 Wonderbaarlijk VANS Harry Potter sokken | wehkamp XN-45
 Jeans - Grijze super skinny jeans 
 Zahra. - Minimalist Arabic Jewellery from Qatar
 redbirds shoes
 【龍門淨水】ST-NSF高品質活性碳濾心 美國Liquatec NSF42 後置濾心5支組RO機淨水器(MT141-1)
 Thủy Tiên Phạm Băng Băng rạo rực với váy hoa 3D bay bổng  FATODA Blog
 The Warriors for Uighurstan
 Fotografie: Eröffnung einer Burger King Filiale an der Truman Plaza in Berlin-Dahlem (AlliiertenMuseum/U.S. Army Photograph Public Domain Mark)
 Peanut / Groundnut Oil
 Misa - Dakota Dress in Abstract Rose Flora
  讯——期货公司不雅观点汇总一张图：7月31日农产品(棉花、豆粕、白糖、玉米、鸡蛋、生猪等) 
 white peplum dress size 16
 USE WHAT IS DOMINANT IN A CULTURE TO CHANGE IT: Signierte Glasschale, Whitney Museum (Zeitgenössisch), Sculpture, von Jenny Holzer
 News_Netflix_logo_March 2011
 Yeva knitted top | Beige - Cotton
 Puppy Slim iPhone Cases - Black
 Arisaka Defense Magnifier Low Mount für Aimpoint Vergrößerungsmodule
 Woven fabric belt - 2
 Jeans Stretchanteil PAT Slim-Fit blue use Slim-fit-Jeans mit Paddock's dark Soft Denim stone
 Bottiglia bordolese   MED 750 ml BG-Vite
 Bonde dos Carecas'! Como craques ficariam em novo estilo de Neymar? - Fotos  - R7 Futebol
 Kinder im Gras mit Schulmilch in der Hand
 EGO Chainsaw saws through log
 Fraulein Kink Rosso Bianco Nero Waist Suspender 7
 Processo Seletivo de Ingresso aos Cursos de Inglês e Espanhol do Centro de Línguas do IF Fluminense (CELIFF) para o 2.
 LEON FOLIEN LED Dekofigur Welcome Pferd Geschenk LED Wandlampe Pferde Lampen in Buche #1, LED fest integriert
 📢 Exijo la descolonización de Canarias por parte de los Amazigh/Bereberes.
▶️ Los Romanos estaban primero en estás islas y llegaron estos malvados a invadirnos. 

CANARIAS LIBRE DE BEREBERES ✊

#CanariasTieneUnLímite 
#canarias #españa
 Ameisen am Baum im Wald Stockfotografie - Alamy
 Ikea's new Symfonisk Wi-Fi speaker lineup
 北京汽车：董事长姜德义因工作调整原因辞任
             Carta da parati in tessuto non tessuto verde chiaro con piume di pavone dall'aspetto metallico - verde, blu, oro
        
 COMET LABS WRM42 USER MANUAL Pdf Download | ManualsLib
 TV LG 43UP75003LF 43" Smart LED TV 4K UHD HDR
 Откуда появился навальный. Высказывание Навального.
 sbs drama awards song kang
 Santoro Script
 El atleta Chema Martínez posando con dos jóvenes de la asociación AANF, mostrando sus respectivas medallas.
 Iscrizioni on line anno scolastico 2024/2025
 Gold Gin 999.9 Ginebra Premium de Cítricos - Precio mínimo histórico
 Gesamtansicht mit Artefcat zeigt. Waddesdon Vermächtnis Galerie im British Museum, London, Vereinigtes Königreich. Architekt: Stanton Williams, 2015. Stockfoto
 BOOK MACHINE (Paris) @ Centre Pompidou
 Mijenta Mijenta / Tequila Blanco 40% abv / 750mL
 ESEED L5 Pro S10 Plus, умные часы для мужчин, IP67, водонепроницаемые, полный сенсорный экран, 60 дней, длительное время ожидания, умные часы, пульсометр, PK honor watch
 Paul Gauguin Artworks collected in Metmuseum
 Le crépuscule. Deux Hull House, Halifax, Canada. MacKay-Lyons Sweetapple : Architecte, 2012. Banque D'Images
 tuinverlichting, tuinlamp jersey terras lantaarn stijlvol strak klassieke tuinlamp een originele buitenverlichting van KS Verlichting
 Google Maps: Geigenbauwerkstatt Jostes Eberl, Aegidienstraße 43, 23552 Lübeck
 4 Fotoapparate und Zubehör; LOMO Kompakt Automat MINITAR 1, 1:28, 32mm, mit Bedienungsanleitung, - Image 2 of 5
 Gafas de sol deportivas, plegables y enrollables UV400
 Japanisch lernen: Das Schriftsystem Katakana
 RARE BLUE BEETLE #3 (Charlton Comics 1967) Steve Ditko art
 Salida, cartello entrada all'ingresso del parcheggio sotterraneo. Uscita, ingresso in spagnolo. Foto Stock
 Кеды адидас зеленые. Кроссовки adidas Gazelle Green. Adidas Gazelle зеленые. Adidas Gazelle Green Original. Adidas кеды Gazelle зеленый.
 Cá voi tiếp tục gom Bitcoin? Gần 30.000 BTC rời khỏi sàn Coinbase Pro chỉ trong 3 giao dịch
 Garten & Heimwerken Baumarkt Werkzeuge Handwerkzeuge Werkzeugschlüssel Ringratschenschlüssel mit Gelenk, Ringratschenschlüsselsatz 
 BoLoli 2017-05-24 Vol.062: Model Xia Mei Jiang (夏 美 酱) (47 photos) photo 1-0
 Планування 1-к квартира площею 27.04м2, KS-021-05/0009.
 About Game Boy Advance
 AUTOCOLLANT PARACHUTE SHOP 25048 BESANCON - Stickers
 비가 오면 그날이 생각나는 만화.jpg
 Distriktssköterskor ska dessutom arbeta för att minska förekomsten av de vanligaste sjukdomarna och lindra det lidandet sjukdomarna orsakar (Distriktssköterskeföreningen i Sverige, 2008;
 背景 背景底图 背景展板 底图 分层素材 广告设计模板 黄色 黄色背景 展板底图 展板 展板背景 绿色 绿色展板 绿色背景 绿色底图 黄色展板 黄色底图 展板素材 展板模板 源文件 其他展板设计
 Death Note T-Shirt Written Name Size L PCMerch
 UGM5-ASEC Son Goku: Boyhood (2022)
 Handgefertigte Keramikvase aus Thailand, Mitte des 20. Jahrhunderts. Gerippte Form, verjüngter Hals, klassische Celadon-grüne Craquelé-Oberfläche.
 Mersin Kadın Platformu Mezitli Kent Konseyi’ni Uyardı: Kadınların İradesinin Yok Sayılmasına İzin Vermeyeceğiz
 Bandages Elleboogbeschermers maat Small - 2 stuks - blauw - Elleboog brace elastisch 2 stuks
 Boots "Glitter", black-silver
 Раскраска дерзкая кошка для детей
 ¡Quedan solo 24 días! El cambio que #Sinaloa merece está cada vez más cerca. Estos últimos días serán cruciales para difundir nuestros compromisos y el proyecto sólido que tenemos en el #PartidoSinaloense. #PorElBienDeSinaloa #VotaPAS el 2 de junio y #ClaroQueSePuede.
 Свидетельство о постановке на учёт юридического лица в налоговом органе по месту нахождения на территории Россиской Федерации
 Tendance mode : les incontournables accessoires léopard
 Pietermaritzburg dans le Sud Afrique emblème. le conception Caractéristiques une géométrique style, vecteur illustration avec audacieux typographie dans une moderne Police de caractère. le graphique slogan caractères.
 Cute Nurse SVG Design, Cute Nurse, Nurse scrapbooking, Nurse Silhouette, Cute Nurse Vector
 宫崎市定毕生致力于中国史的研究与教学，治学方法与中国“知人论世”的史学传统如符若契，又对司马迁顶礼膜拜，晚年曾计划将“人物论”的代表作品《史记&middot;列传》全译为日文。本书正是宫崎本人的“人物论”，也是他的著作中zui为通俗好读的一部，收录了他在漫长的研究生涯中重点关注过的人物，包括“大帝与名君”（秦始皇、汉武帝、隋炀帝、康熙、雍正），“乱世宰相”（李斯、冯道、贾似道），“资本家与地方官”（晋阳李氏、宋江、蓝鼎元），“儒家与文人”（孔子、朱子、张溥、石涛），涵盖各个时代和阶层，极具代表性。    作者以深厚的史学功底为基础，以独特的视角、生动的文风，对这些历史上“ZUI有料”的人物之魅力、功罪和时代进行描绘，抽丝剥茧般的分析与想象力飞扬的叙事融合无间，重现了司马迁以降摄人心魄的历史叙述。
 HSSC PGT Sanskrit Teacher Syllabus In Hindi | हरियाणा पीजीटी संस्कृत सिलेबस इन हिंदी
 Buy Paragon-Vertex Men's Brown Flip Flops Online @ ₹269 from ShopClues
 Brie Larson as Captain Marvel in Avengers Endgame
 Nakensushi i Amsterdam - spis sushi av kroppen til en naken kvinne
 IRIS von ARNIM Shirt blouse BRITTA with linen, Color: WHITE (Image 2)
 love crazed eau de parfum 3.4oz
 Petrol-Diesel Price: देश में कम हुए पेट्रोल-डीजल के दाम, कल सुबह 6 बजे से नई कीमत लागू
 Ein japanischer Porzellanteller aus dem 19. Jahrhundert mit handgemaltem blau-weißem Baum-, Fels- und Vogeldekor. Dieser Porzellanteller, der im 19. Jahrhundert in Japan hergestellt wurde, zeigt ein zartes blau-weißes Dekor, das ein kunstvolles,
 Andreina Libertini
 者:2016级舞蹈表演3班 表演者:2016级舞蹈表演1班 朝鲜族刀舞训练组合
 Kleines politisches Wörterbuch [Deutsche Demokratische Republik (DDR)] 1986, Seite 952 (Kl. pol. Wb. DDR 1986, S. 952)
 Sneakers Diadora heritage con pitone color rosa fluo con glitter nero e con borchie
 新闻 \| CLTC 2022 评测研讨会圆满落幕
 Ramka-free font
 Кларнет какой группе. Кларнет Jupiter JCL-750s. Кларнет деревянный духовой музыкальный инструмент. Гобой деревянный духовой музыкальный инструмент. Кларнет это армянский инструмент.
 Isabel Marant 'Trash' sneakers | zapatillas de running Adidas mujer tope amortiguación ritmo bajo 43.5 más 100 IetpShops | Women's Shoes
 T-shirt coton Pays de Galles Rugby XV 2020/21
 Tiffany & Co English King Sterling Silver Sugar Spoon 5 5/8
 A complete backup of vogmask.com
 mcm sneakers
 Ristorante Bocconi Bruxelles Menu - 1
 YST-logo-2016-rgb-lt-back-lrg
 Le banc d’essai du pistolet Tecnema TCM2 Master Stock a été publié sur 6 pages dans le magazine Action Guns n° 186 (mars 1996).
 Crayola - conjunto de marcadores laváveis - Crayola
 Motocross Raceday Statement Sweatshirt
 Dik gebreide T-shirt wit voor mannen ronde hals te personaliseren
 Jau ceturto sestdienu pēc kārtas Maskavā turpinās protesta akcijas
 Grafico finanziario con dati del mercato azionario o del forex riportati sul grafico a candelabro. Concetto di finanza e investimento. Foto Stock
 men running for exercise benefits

| Directions |
Beginning with the line containing "A complete backup of vogmask.com" in the material above, copy every line exactly until you have copied the line containing "Motocross Raceday Statement Sweatshirt".

| Answer box |
 A complete backup of vogmask.com
 mcm sneakers
 Ristorante Bocconi Bruxelles Menu - 1
 YST-logo-2016-rgb-lt-back-lrg
 Le banc d’essai du pistolet Tecnema TCM2 Master Stock a été publié sur 6 pages dans le magazine Action Guns n° 186 (mars 1996).
 Crayola - conjunto de marcadores laváveis - Crayola
 Motocross Raceday Statement Sweatshirt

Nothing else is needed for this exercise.